Scientists have identified an enzyme that can help control inflammation and may pave the way for non-addictive painkillers which produce few side effects.
Millions of people suffer from substance abuse disorders related to opioid use for pain relief, and thousands die as a result of drug abuse involving opioids and related drugs, researchers said.
As the problem amplifies, researchers are seeking non-addictive chronic pain treatment options that produce few or no negative side effects. Ken Hsu, a professor at the University of Virginia in the US, and his graduate student, Myungsun Shin, identified an enzyme that “chews up fat” molecules to produce chemical signals that control inflammation.

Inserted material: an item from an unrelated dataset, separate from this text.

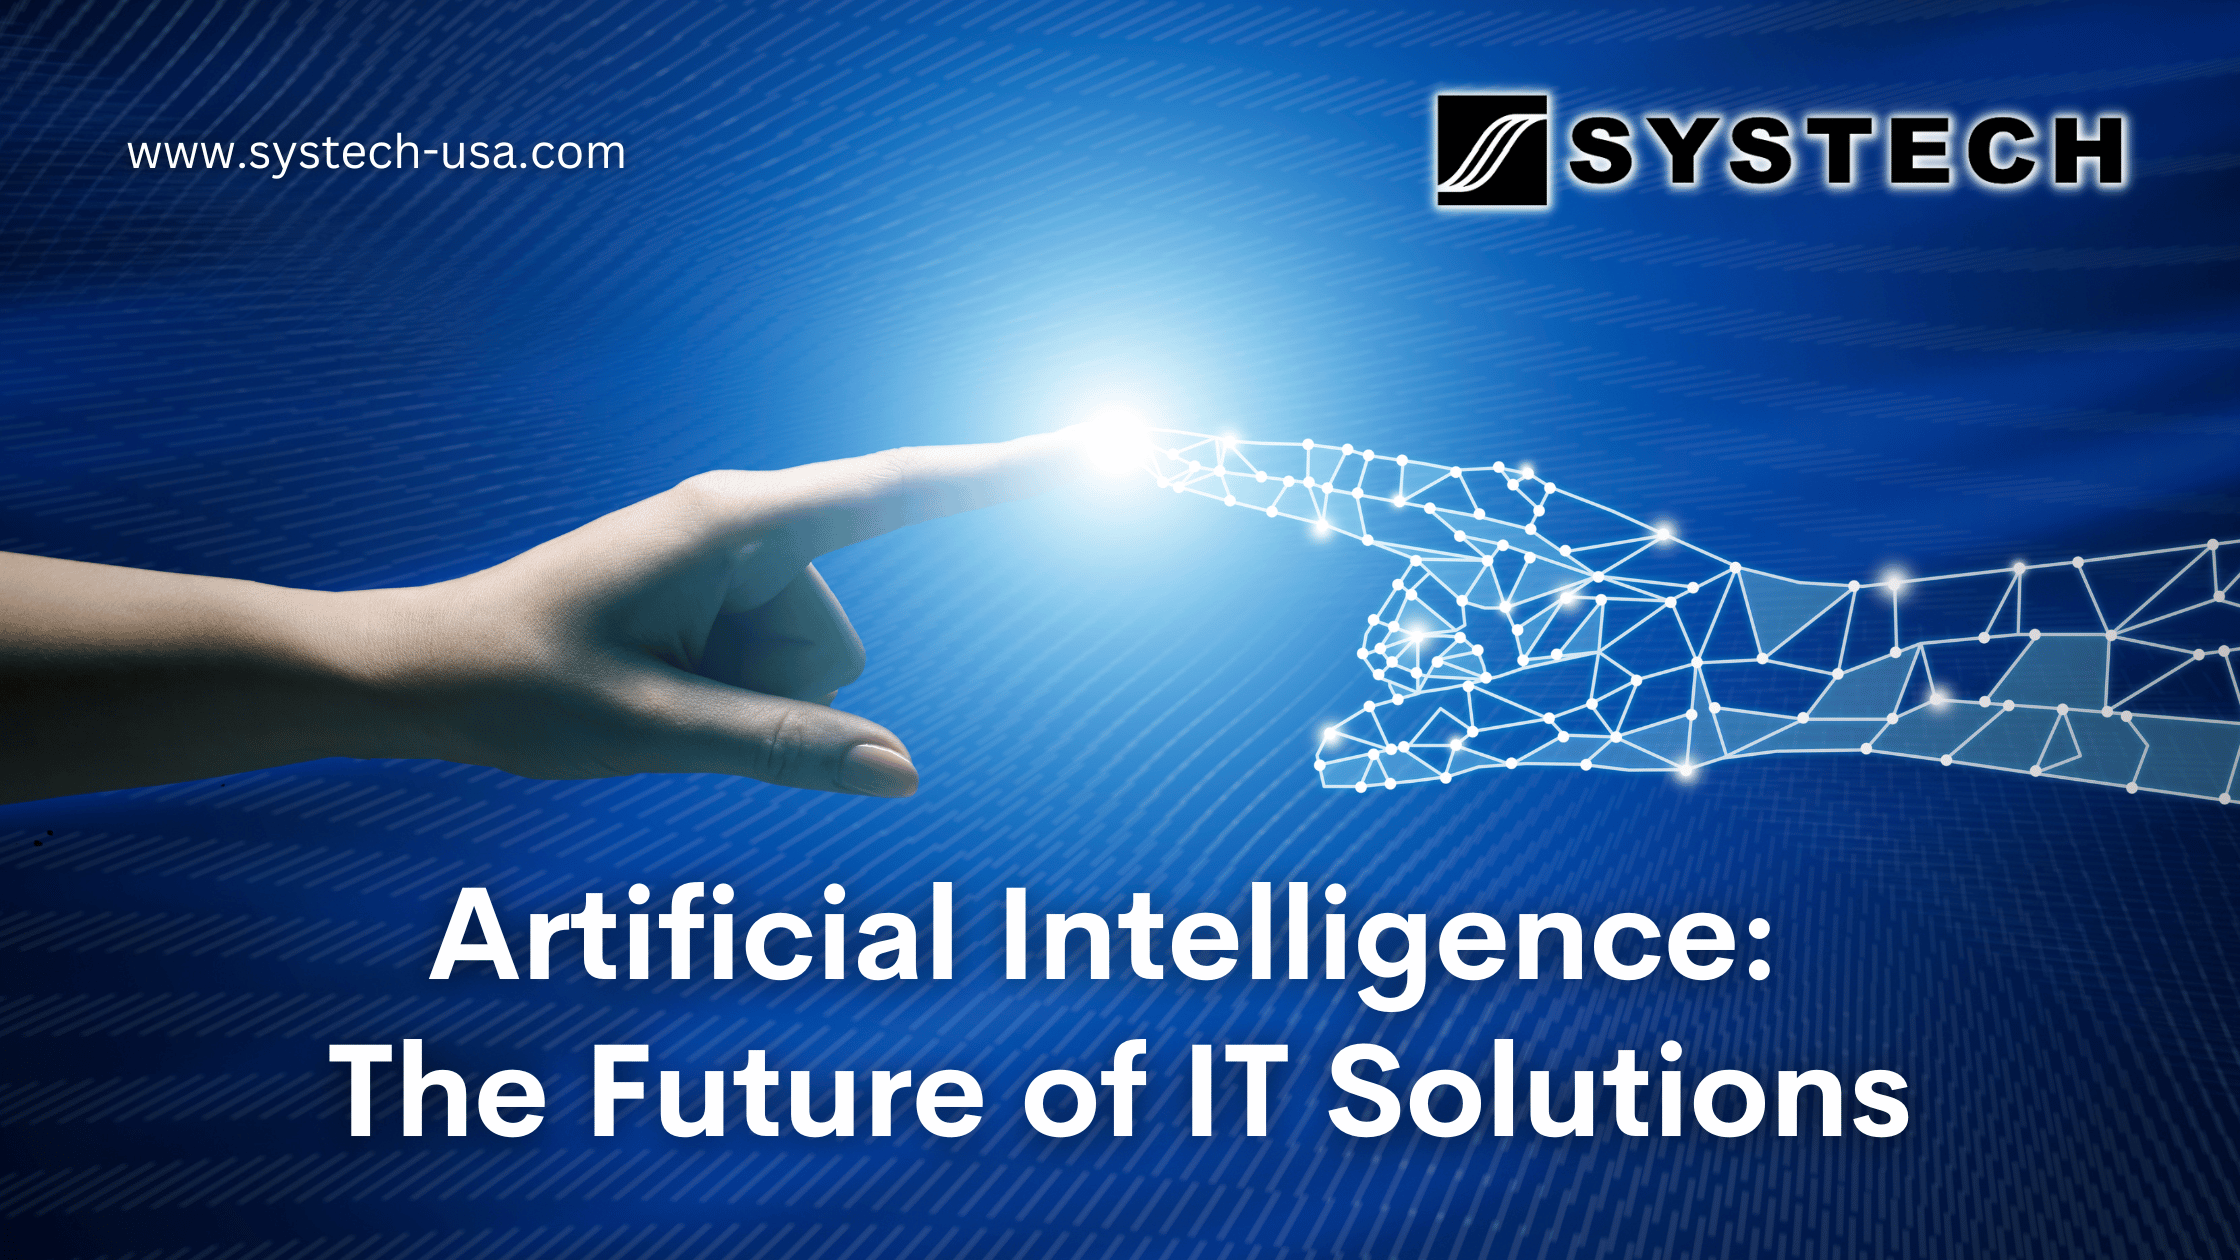 Artificial Intelligence (AI) is being increasingly utilized in the IT industry to create innovative solutions for various business problems. AI-powered IT solutions can automate manual tasks, improve decision-making processes, and increase efficiency.

The naturally occurring enzyme, called diacylglycerol lipase-beta (DAGL-b), is a possible new drug target for reducing pain. Hsu developed selective molecules that inhibit DAGL-b and reduce inflammation, similarly to aspirin and other non-steroidal anti-inflammatory drugs, or NSAIDS.
However, unlike NSAIDs, DAGL-b inhibitors can provide pain relief without gastrointestinal toxicity in preclinical models when used over a long term. Unlike opioids, DAGL-b inhibitors do not exhibit addictive properties.

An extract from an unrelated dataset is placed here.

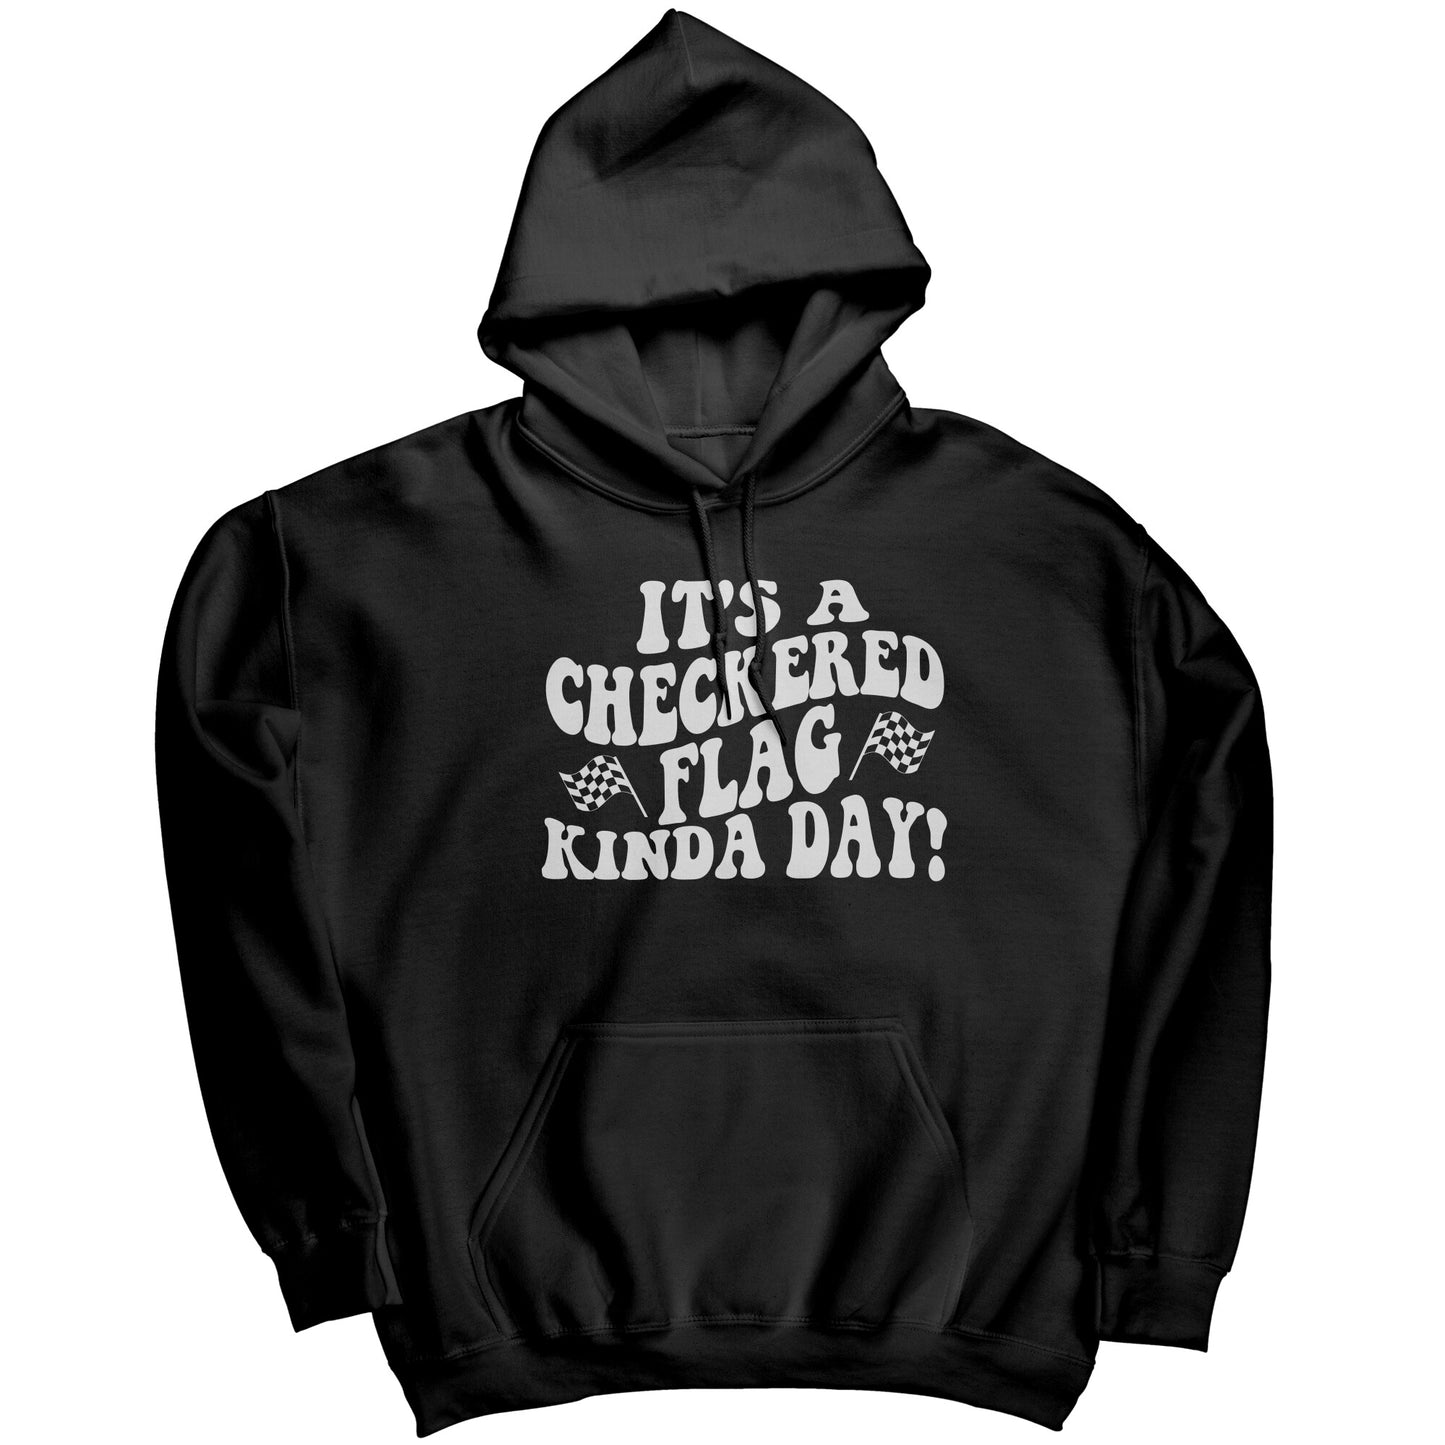 It's A Checkered Flag Kind Of Day Hoodie Sweatshirt

“This could be a new route to treating long-term inflammation and pain without the side effects of toxicity and risk of addiction observed with current treatment options,” Hsu said in a statement.
“Generally, if we block inflammation, we also affect the immune response. But we’re suggesting a different approach, one where we can stop inflammation without impacting the normal immune response,” said Hsu.
The research, published in the journal Cell Chemical Biology, demonstrate that DAGL-b inhibitors are highly effective at reducing different pain states, including neuropathic pain and chemotherapy-induced peripheral neuropathy.
In the study, the Hsu lab uncovered a new role for DAGL-b in dendritic cells, a specialised type of innate immune cell that not only controls inflammation, but can also activate our body’s ability to fight infections by stimulating T cells, which produce an immune response.
“We found that by blocking DAGL-b, we can stop inflammation without affecting immunity,” Hsu said. “This supports the idea that DAGL-b is a viable target for long-term blockade of inflammation and pain without potentially compromising our immune system,” he said.